A developer wants to try DeepSeek R1 without spending a cent. They open a terminal, type ollama run deepseek-r1, watch the model download, and within a few minutes have a working chat against an open-weights reasoning model on their laptop. The same developer’s app code talks to OpenAI in production. Switching the dev environment from OpenAI to Ollama is one base-URL change: the model downloads locally, the daemon serves on port 11434, and the OpenAI-compatible endpoint accepts the same client libraries.

This piece walks through what Ollama is, the install and run flow, the API surfaces, the model library, the modelfile customization story, and how it compares with LM Studio, GPT4All, llama.cpp, and vLLM in 2026.

TL;DR: What Ollama is

Ollama is an open-source desktop runtime for local LLMs, distributed under MIT license. It wraps llama.cpp (and optionally other backends) with a model registry, a daemon, and a one-command run experience. You install Ollama once (macOS, Linux, Windows), and ollama run <model> downloads the model and starts a chat.
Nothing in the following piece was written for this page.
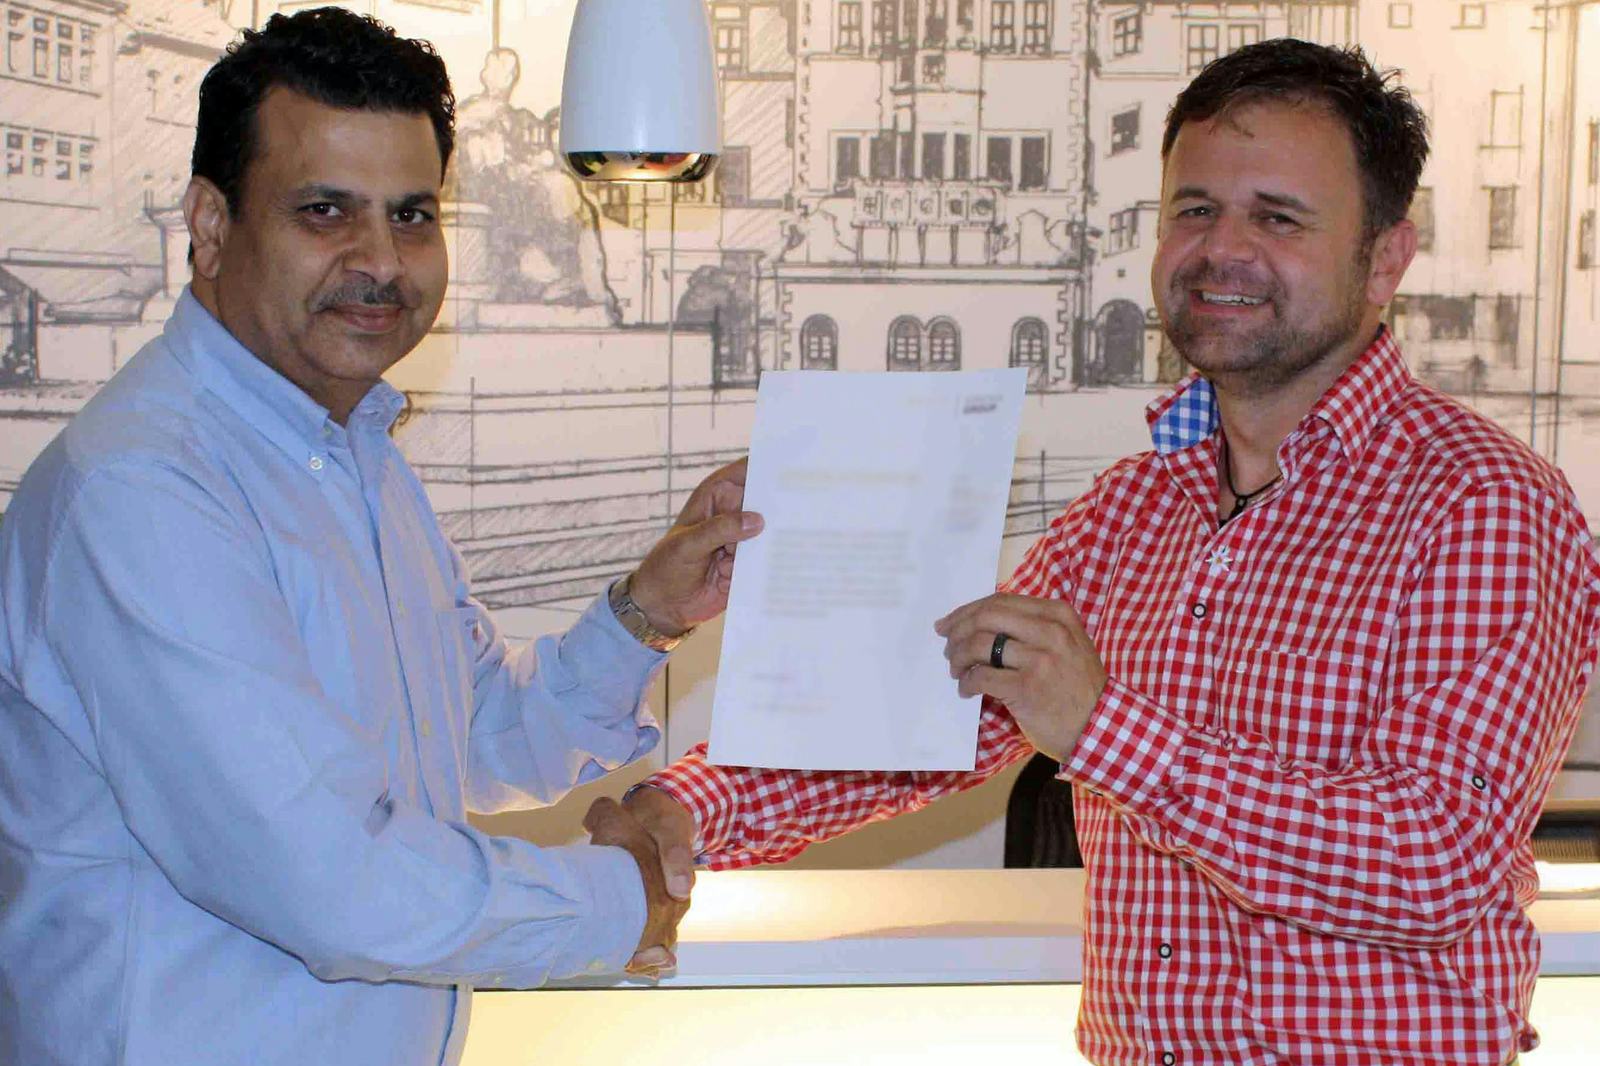 Bernd Lesch (Export Manager) of Winora Group (right) together with Rajesh Kalra, CEO Suncross (Naren International). - Photo Winora

The daemon serves a REST API on http://localhost:11434 with both Ollama’s native shape and an OpenAI-compatible shape (/v1/chat/completions, /v1/embeddings, /v1/responses). Most popular open-weights models are in the library: Llama 3 and 4, Qwen 2.5 and 3, Gemma 2 and 3, DeepSeek R1 and V3, Mistral, Phi, plus vision-language and embedding models. The local CLI and daemon are free; Ollama also offers paid cloud tiers (Free, Pro, Max) on its pricing page. The repo sits at over a hundred thousand stars on GitHub and is one of the most-adopted developer-facing local LLM runtimes.

Why Ollama exists

Three reasons.

First, the activation energy for running a local LLM was too high before Ollama. You needed to find a GGUF file on Hugging Face, install llama.cpp, pick the right quantization, write the right inference command, and wire up an HTTP server yourself. Ollama collapsed all of that into ollama run <model>.

Second, the Linux-package and macOS-app patterns for AI tooling were missing. Models were Python pip packages, model files were 30 GB GGUFs, and the developer experience compared poorly with how Docker, npm, or Homebrew worked. Ollama brought the package-manager mental model to LLMs: one CLI, one daemon, one library.
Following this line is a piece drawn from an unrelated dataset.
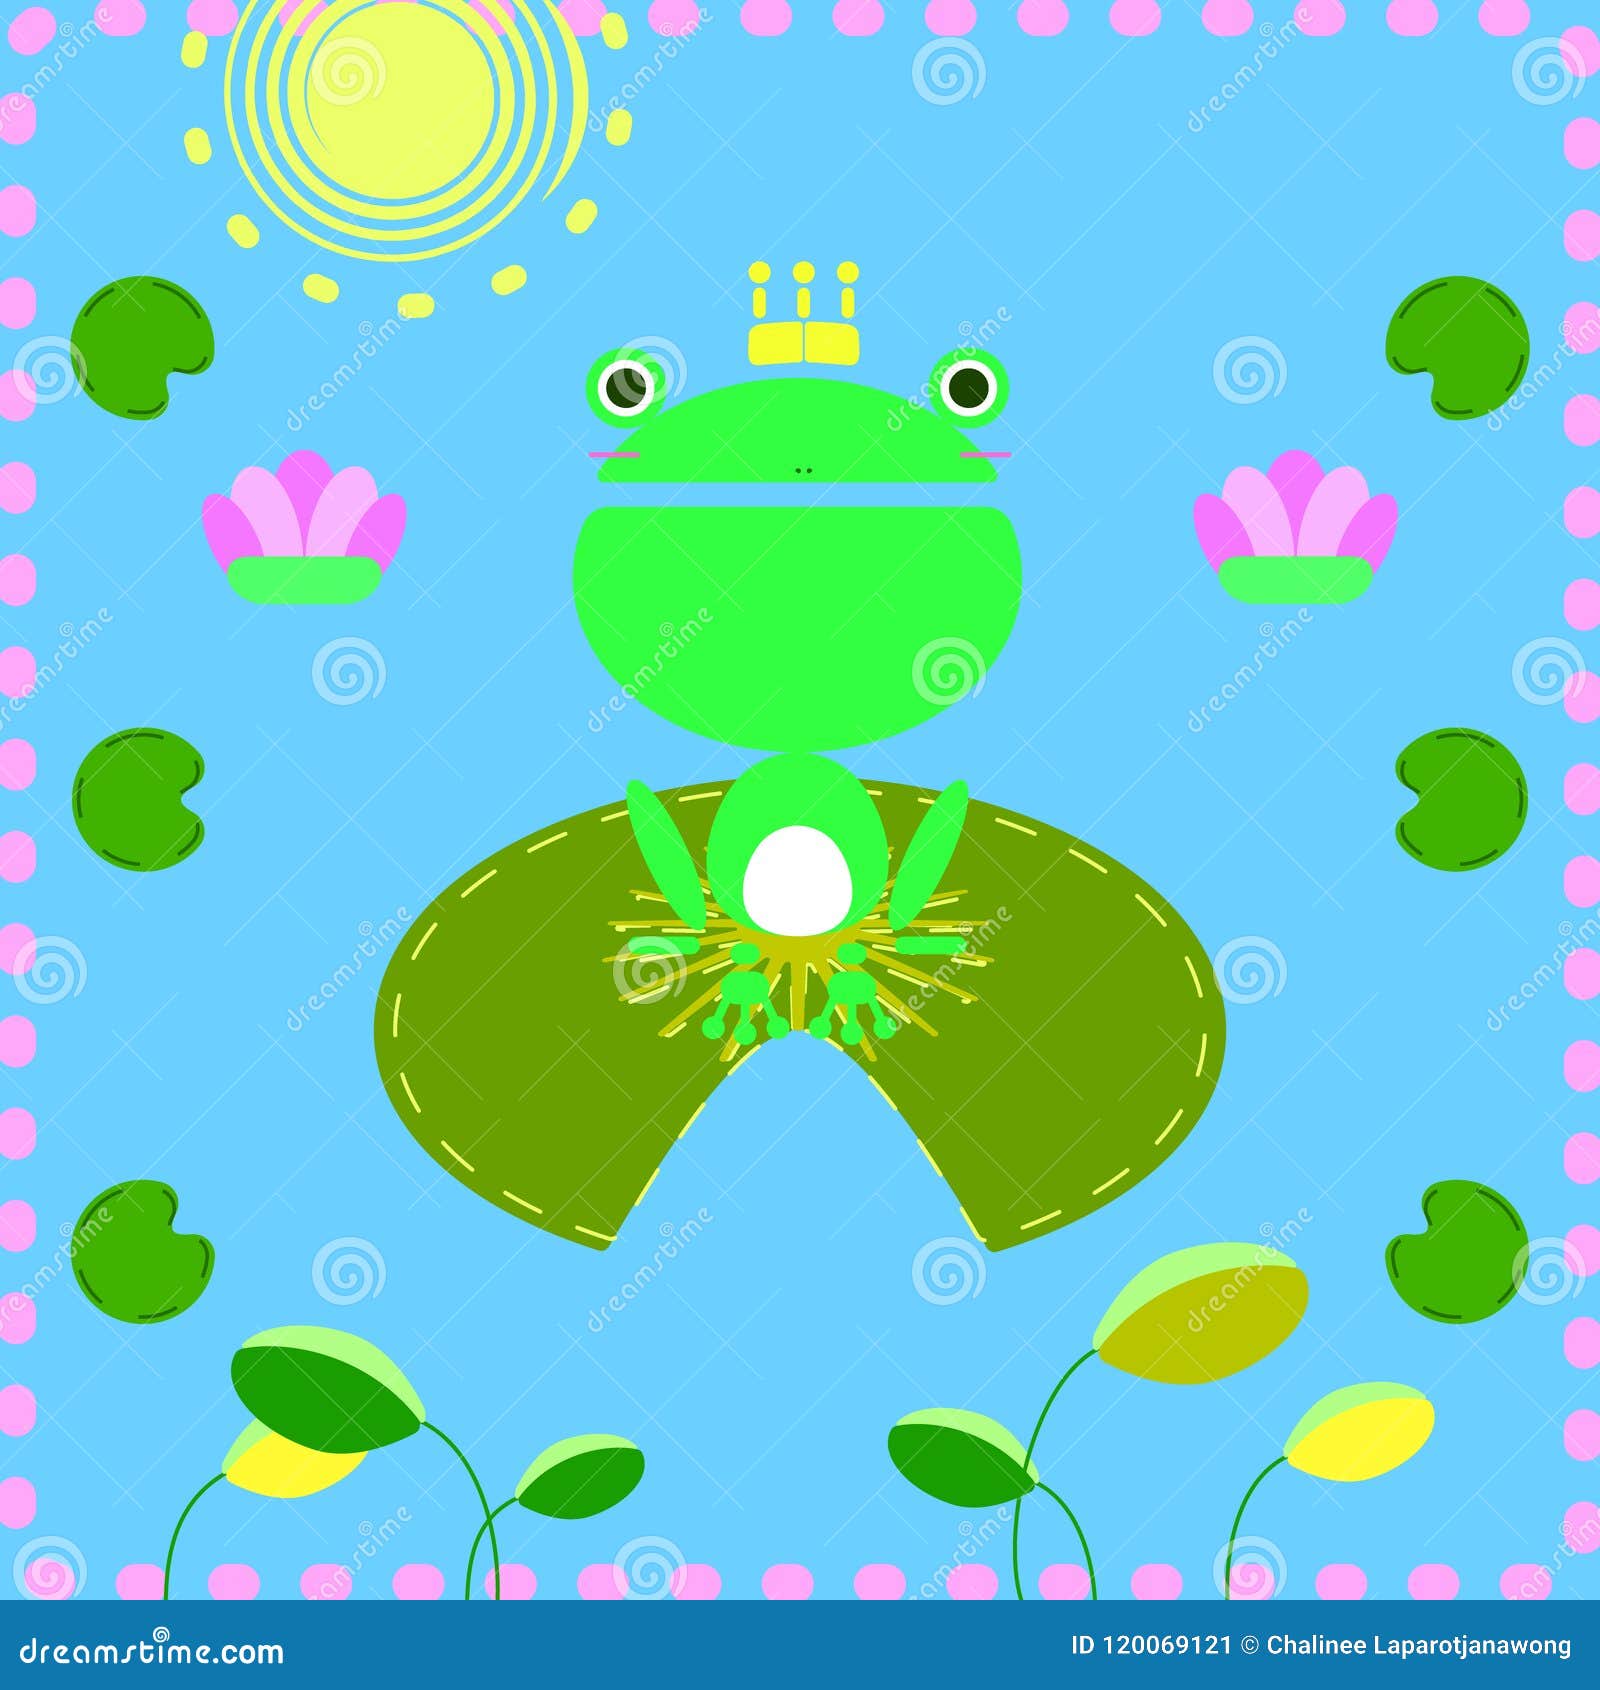 The frog with lotus leaf stock vector. Illustration of moon - 120069121

Third, the OpenAI Chat Completions API became the lingua franca. By exposing a /v1/chat/completions endpoint on localhost:11434, Ollama lets any tool that already speaks OpenAI work locally with a one-line URL change. LangChain, LlamaIndex, CrewAI, Continue, Cline, the Cursor IDE, the Vercel AI SDK, all of them work against Ollama out of the box.

How Ollama works

The architecture is simple: an installer ships a CLI and a daemon. The CLI talks to the daemon over a Unix socket on macOS and Linux, or a named pipe on Windows. The daemon runs the inference loop and serves the API.

Editorial figure on a black starfield background showing the Ollama architecture as a vertical stack. On the left an outlined laptop in three-quarter view with a terminal window on the screen showing the command ollama run llama3. The laptop screen carries a soft white halo glow. A thin arrow extends down from the laptop into a stack of three layers: TOP - OLLAMA SERVER (PORT 11434), MIDDLE - MODEL LIBRARY (LLAMA, MISTRAL, GEMMA, QWEN), BOTTOM - LOCAL GPU / METAL.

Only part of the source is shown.